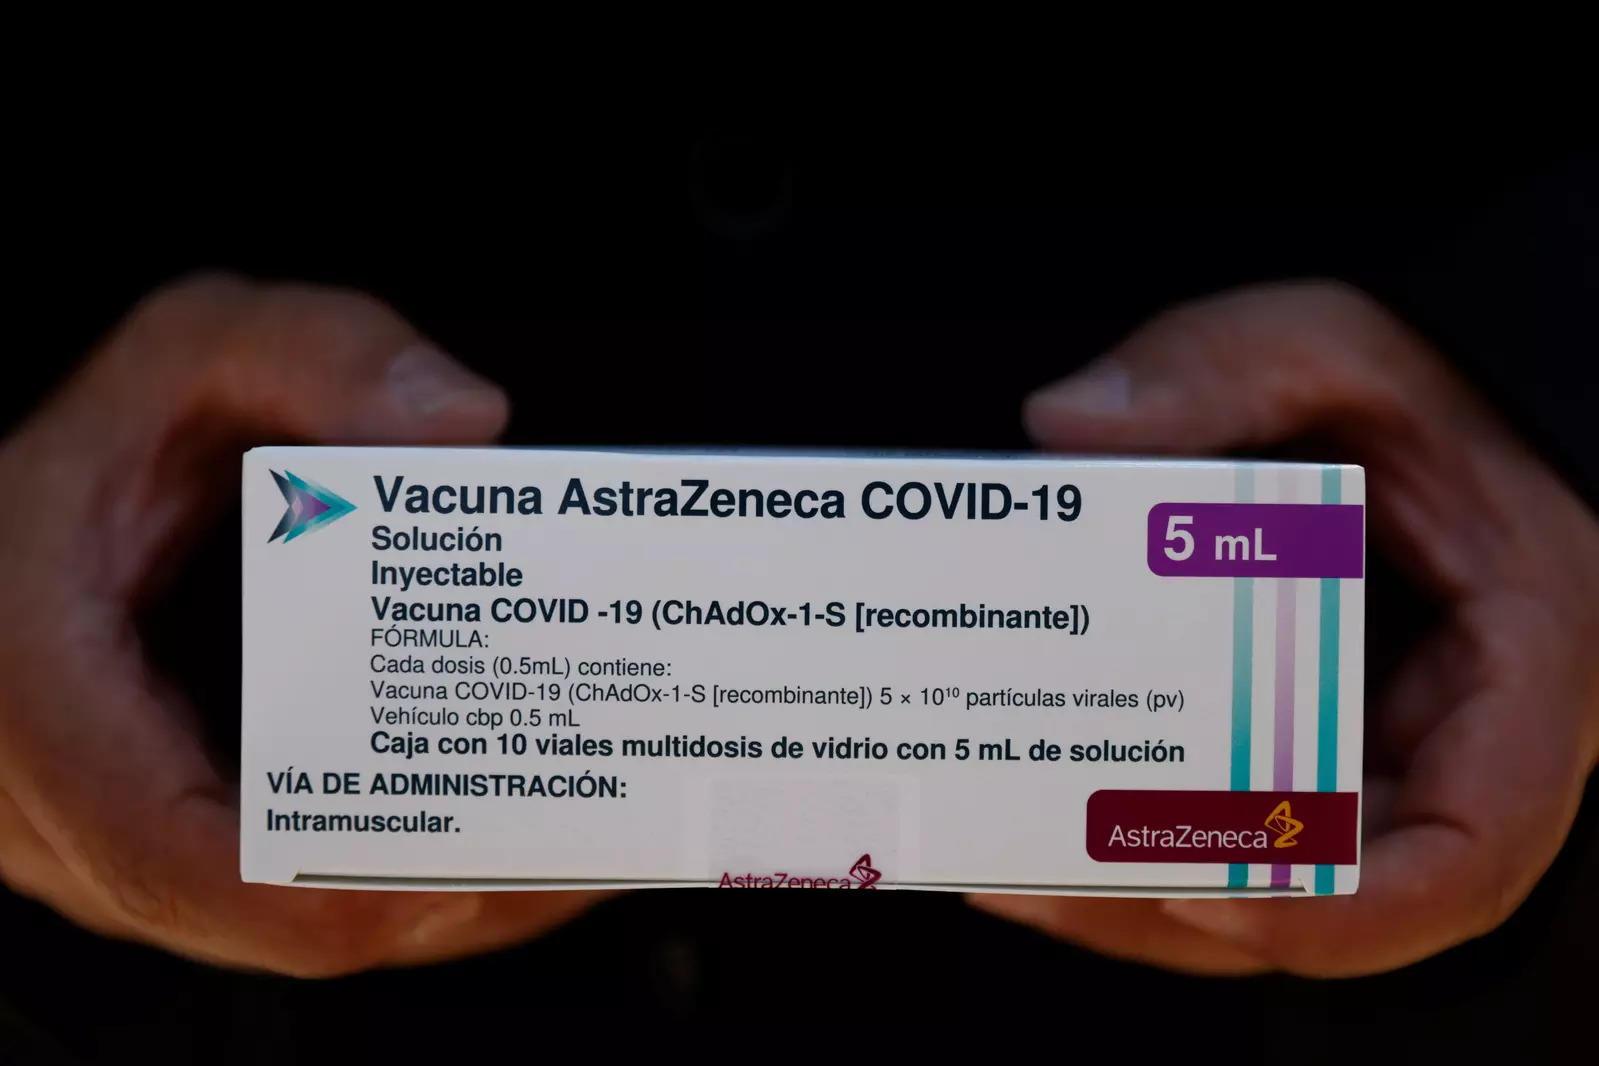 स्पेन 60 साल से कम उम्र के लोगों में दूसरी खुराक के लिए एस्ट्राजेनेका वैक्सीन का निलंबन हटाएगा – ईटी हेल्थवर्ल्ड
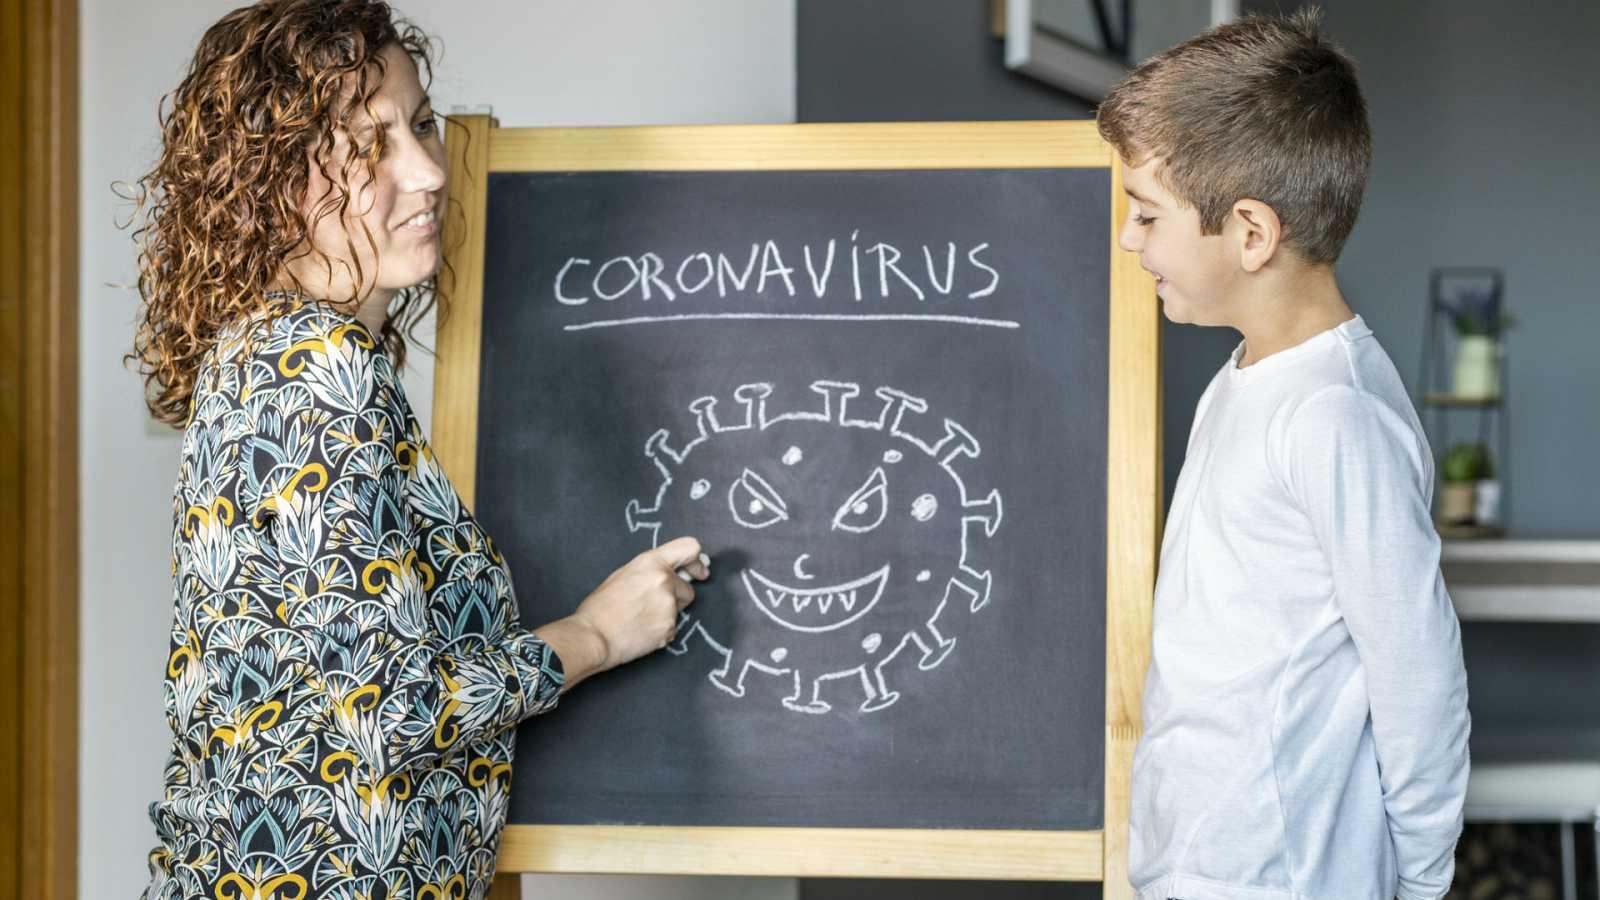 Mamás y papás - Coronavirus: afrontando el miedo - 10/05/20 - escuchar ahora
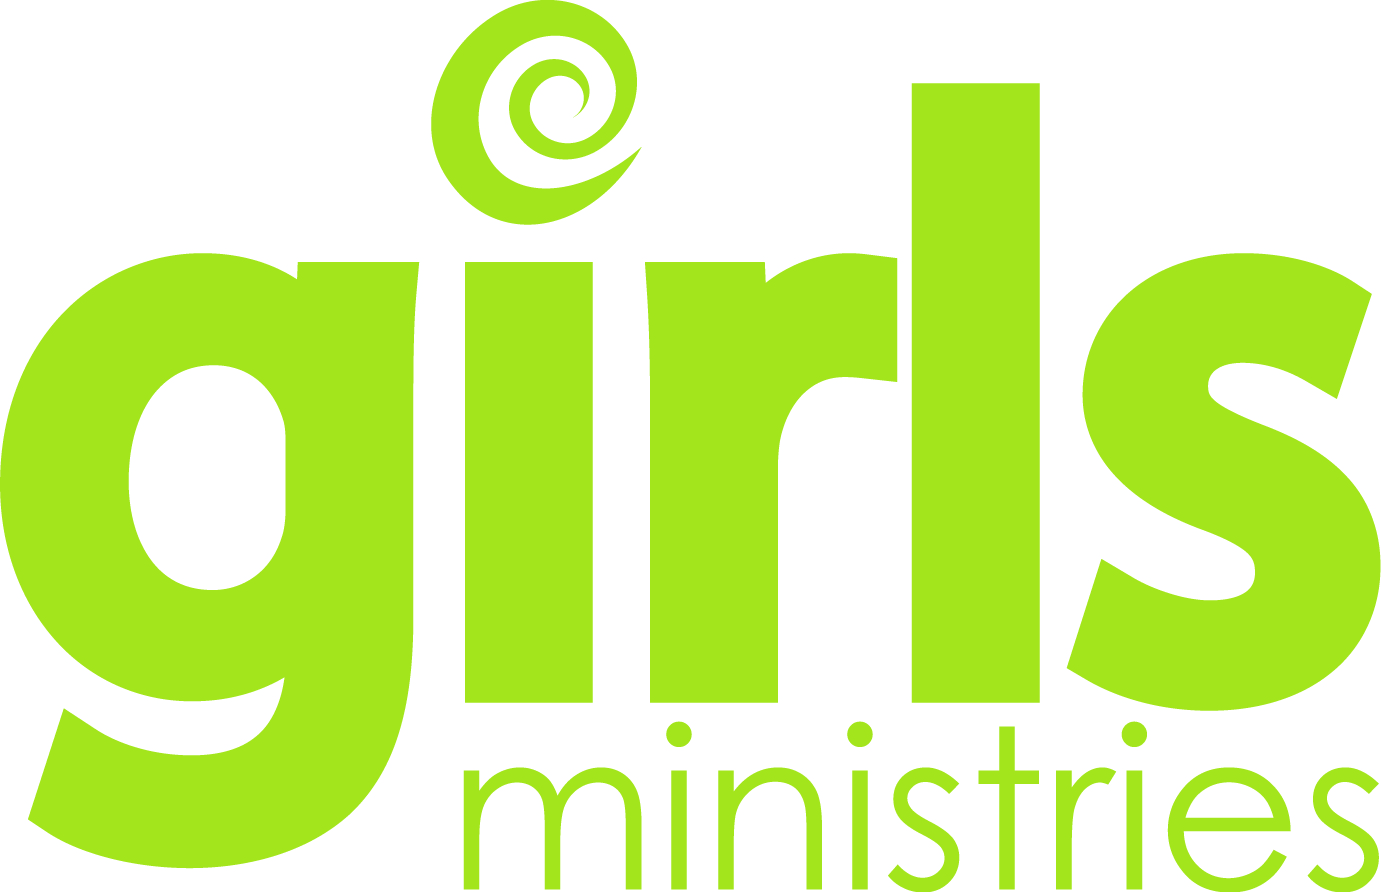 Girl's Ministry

+++

- **EXERCISE DESCRIPTION**:
Images should not appear in the copy; retype the listing above exactly.

- **OUTPUT FOR THIS EXERCISE**:
 स्पेन 60 साल से कम उम्र के लोगों में दूसरी खुराक के लिए एस्ट्राजेनेका वैक्सीन का निलंबन हटाएगा – ईटी हेल्थवर्ल्ड
 Mamás y papás - Coronavirus: afrontando el miedo - 10/05/20 - escuchar ahora
 Girl's Ministry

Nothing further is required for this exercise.